Afghans Believe Rule of Law Vital to Security

Local experts say social injustice has spurred young people to join the Taleban.

Afghans Believe Rule of Law Vital to Security

Local experts say social injustice has spurred young people to join the Taleban.

Tuesday, 9 December, 2014

The rule of law in Afghanistan has been badly un dermined  by war, corruption and the drugs trade, participants  in a series of IWPR-organised debates last month agreed.

Most of those taking part in debates in the Kunduz, Bamian and Farah provinces agreed that peace in Afghanistan would be impossible without security and proper observance of the law.

A number of speakers said a sense justice was a primary motivator in people’s lives, and they attributed the rising strength of the Taleban in Afghanistan to the government failure to ensure rule of law.

Wahidullah Rahmani, secretary of the High Peace Council in the northeastern Kunduz province, told the debate there that this failure had led to widespread injustices, which in turn had driven many young people to join the insurgents.

Marzia Rustami, a civil society activist in Kunduz, added that officials acted with impunity and called on the government figures to take action against this.

Afghanistan’s judiciary also came in for criticism, with speakers accusing it of failing to deliver justice in a fair and impartial manner.

Abdul Rahman Ahmadi, spokesman for the governor of Bamian in central Afghanistan, acknowledged that government sometimes struggled to implement its own laws. He pointed to the legislation on media regulation as an example, noting that “when the law was approved, Afghans were unfamiliar with modern media tools and the current needs of citizens. Of course, this issue has created many problems for the law enforcement agencies.”
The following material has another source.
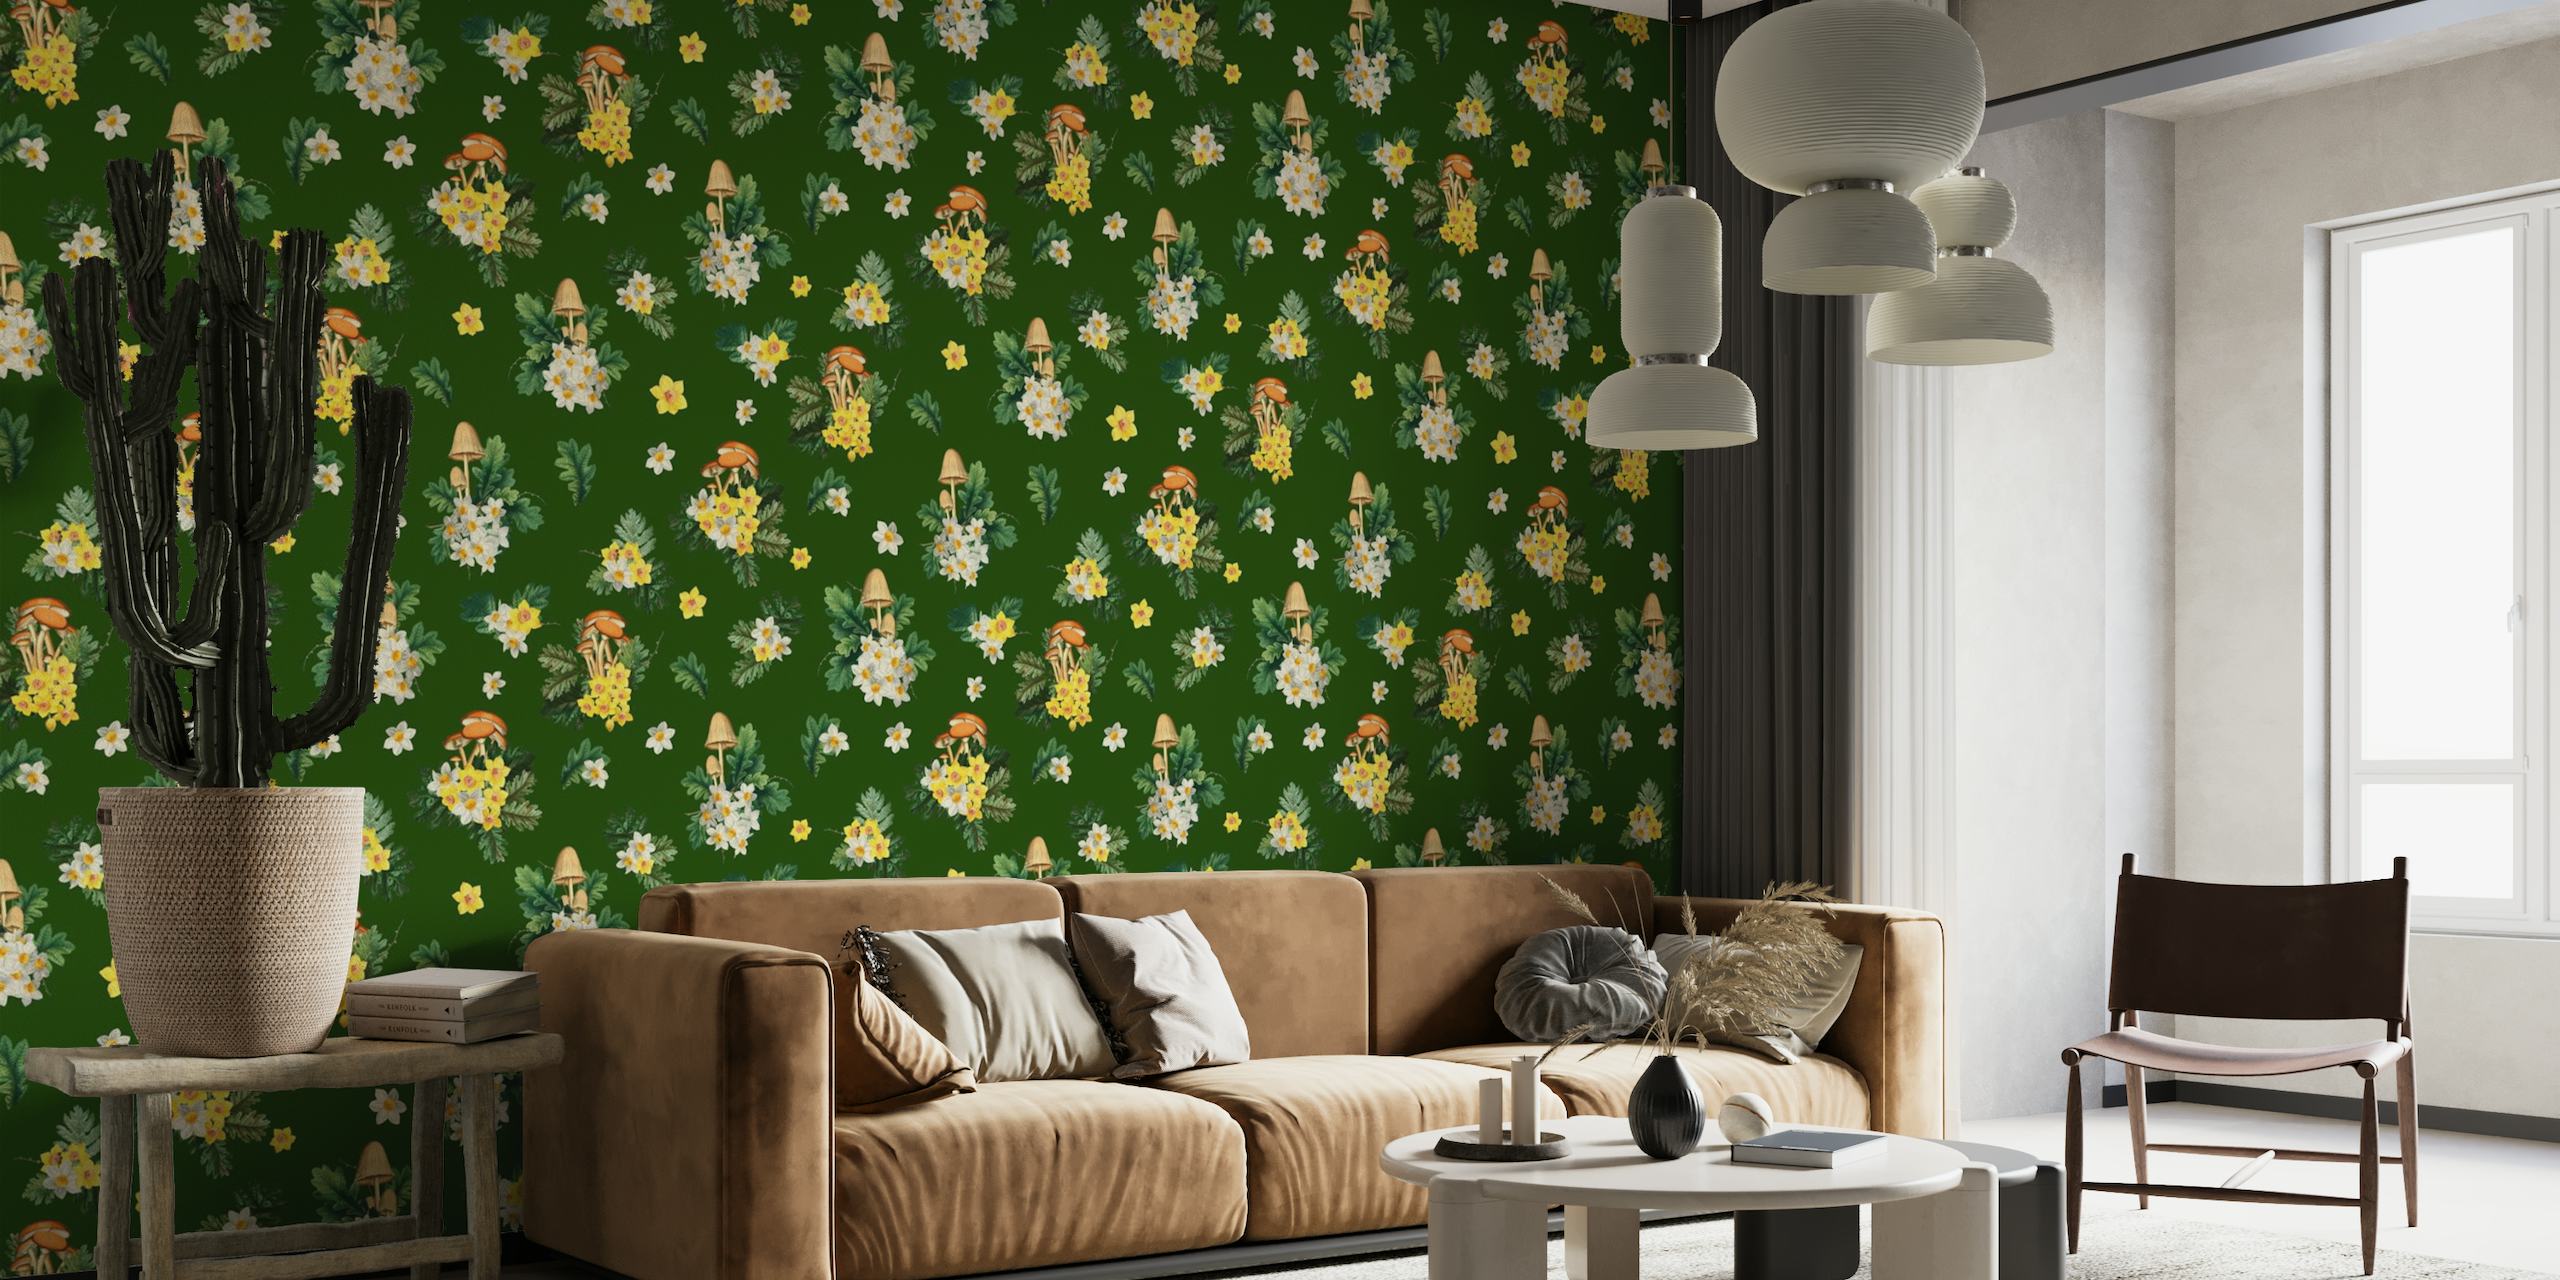 Havainnollistava seinämaalaus sienistä ja luonnonkukista vihreällä taustalla, täydellinen luontoaiheiseen huoneeseen.

University lecturer Shafaq Qaumyari told the Bamian debate that peace would only be achieved when human rights were truly respected.

“If someone has a fight or dispute in Afghanistan today, his goal is to obtain the rights which he has lost,” he said.

In the debate in the western Farah province, Gul Ahmad Azimi, a member of the upper house of Afghanistan’s parliament, said the legal system could not fully function amid persistent corruption and the sense that senior figures were above the law.

Civil society activist Jawed Tabesh added that numerous crimes had been committed in Farah since the fall of the Taleban regime in 2001, but there had been little opportunity for redress.

This report is based on an ongoing series of debates conducted as part of the IWPR programme Afghan Reconciliation: Promoting Peace and Building Trust by Engaging Civil Society.